A: Allegedly just my brother and I. My sisters lived with our grandmother. Today I see that it's basically fine that she put me in the home, I take it as a fact, something that happened and could have happened for many reasons. Maybe she couldn't cope with caring for us, or she didn't feel like it. As a young boy I was angry and I had a kind of feeling of guilt inside, that it was my fault because I had probably been too naughty, but with time I realized that it's just a fact, and that I must accept it and mainly not feel sorry for myself.
Q: How did you, as a child, perceive the fact that parents drive their children to school, or accompany them on the bus when they travel to summer camp or to after-school hobbies?
A: The first feeling is that you do not know what is going on at all. Those of us from the children's home used to stare at that as if it were a documentary on the Animal Planet channel. It's something like looking through a display window where a sample of the correct family is being exhibited. You don't want to admit it to yourself at first, but then you realize you are constantly depressed and frustrated because you don't have anybody to share it with and you don't know what to do.
Q: Have you already decided you would never put your own children into institutional care?
A: More than once. I had a tendency to go the opposite extreme - "I will bitterly love my family and be a proud parent" - but even that's not correct. Rather, it's necessary to accept reality, to clear away the past, to live your life with joy, according to your conscience. That doesn't just go for children from institutions, but for all of society.

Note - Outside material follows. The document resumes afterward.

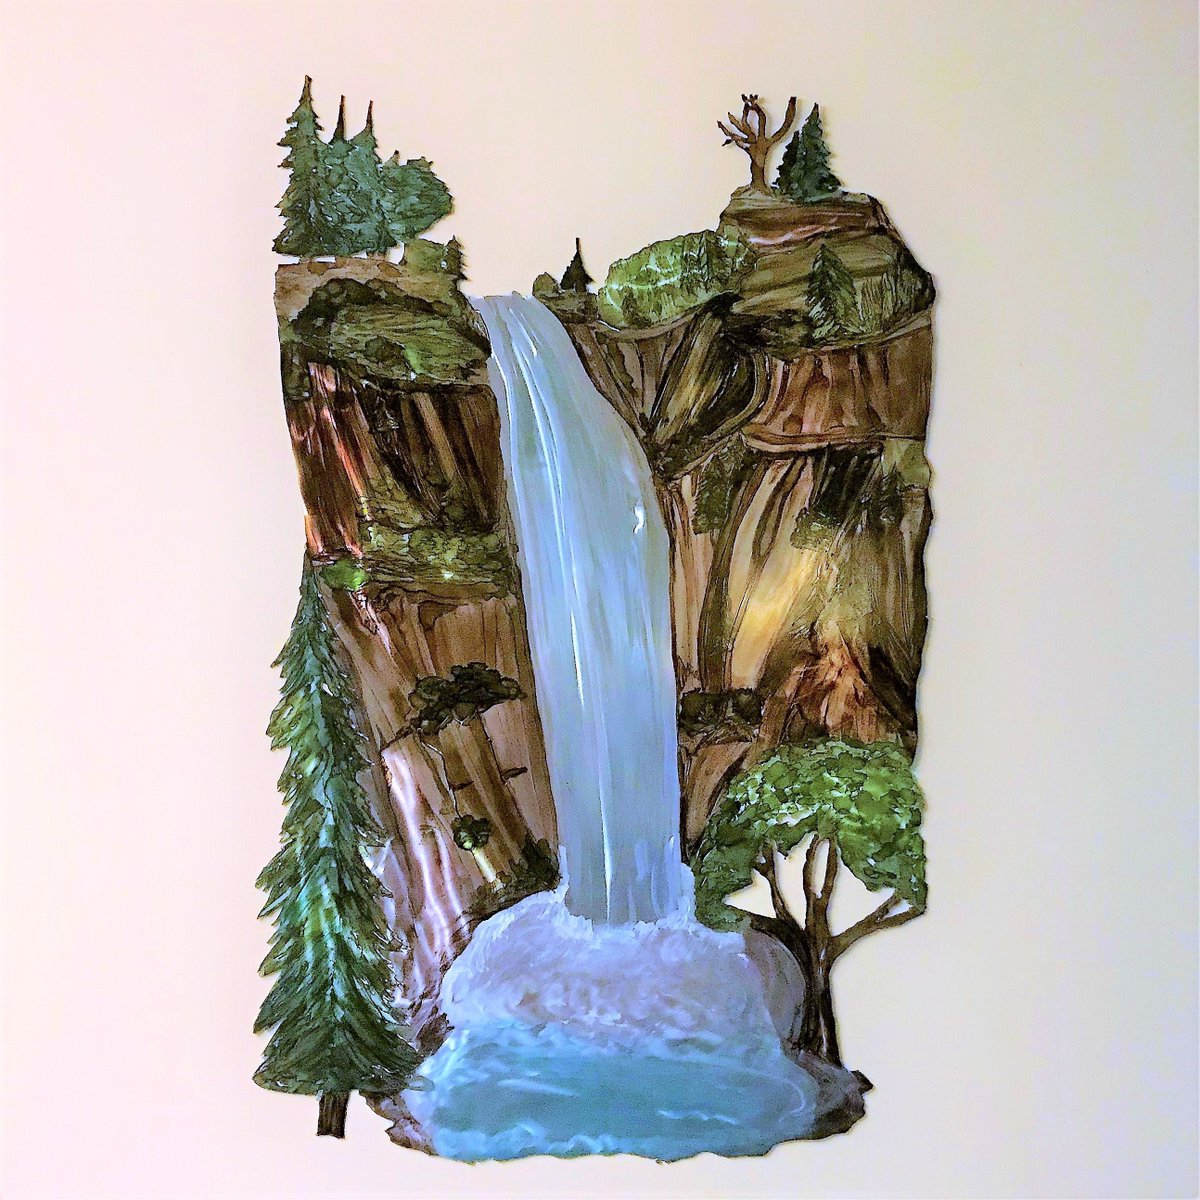 Excited to share the latest addition to my #etsy shop: Spring Is Falling another very large piece etsy.me/2HiKbyw #art #pacificnorthwest #kitsap #supportlocal #waterfall #mountain #metalart #steelart #womenin #metalwallhanging #love

Q: Is it still the case that the educators in the institutions don't have enough time to create closer emotional relationships with the children there?
A: I have to say that the governesses today are in closer contact with the children, but if I were to be harsh, I'd say it's not just about embracing the children - although the governesses themselves would love to be in a closer relationship with the children - but because they have more of a managerial role that they simply are never on top of. Children must be guided toward a good life, raised, taught. However, it is true that they frequently lack social contact - somebody coming to the child to tell him or her that everything is all right, because things just happen sometimes. Puberty, sexuality and identity, lack of information, isolation, all of these areas are resonating in the child and creating frustration that can go as far as heavy depression. The children don't have the tiniest drop of emotion in them because they have been robbed of it. I call it being disabled, emotionally.
Q: You are striving to see children in institutions get a chance at a good life. What would you like to achieve in your career as a trainer?
A: It's just a question of time, I have to find an appropriate space for opening my own gym. I have a team of people around me with whom I have been collaborating for some time, we're in close contact. We want to begin to develop our ideas together for combining functional, healthy movement training without the ego involved - we don't want to develop egoism in people, but a healthy, natural mind connected to the body.